● ABOUT THIS TASK: Write out, exactly as they appear, only the lines running from the line with "運送会社・トラック向けスプレー洗車機 CKW CKS" to the final line of the listing; include both.

● DATA FOR REVIEW:
★ ★ ★ ★ ★ ★ ★
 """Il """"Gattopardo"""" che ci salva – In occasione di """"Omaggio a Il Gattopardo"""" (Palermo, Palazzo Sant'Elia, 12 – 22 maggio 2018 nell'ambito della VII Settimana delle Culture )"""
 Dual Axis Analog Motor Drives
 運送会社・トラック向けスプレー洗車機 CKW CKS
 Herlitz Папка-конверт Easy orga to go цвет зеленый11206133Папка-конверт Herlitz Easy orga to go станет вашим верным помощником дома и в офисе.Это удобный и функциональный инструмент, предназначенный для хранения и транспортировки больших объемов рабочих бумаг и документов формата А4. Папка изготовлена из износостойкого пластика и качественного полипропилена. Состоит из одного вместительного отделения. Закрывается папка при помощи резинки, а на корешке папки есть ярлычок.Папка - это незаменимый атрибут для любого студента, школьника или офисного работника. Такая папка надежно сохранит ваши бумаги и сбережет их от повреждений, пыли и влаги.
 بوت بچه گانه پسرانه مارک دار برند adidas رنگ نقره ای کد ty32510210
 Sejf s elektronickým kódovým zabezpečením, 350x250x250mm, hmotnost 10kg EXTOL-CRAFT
★ ★ ★ ★ ★ ★ ★
● RESPONSE TO THIS EXERCISE:
 運送会社・トラック向けスプレー洗車機 CKW CKS
 Herlitz Папка-конверт Easy orga to go цвет зеленый11206133Папка-конверт Herlitz Easy orga to go станет вашим верным помощником дома и в офисе.Это удобный и функциональный инструмент, предназначенный для хранения и транспортировки больших объемов рабочих бумаг и документов формата А4. Папка изготовлена из износостойкого пластика и качественного полипропилена. Состоит из одного вместительного отделения. Закрывается папка при помощи резинки, а на корешке папки есть ярлычок.Папка - это незаменимый атрибут для любого студента, школьника или офисного работника. Такая папка надежно сохранит ваши бумаги и сбережет их от повреждений, пыли и влаги.
 بوت بچه گانه پسرانه مارک دار برند adidas رنگ نقره ای کد ty32510210
 Sejf s elektronickým kódovým zabezpečením, 350x250x250mm, hmotnost 10kg EXTOL-CRAFT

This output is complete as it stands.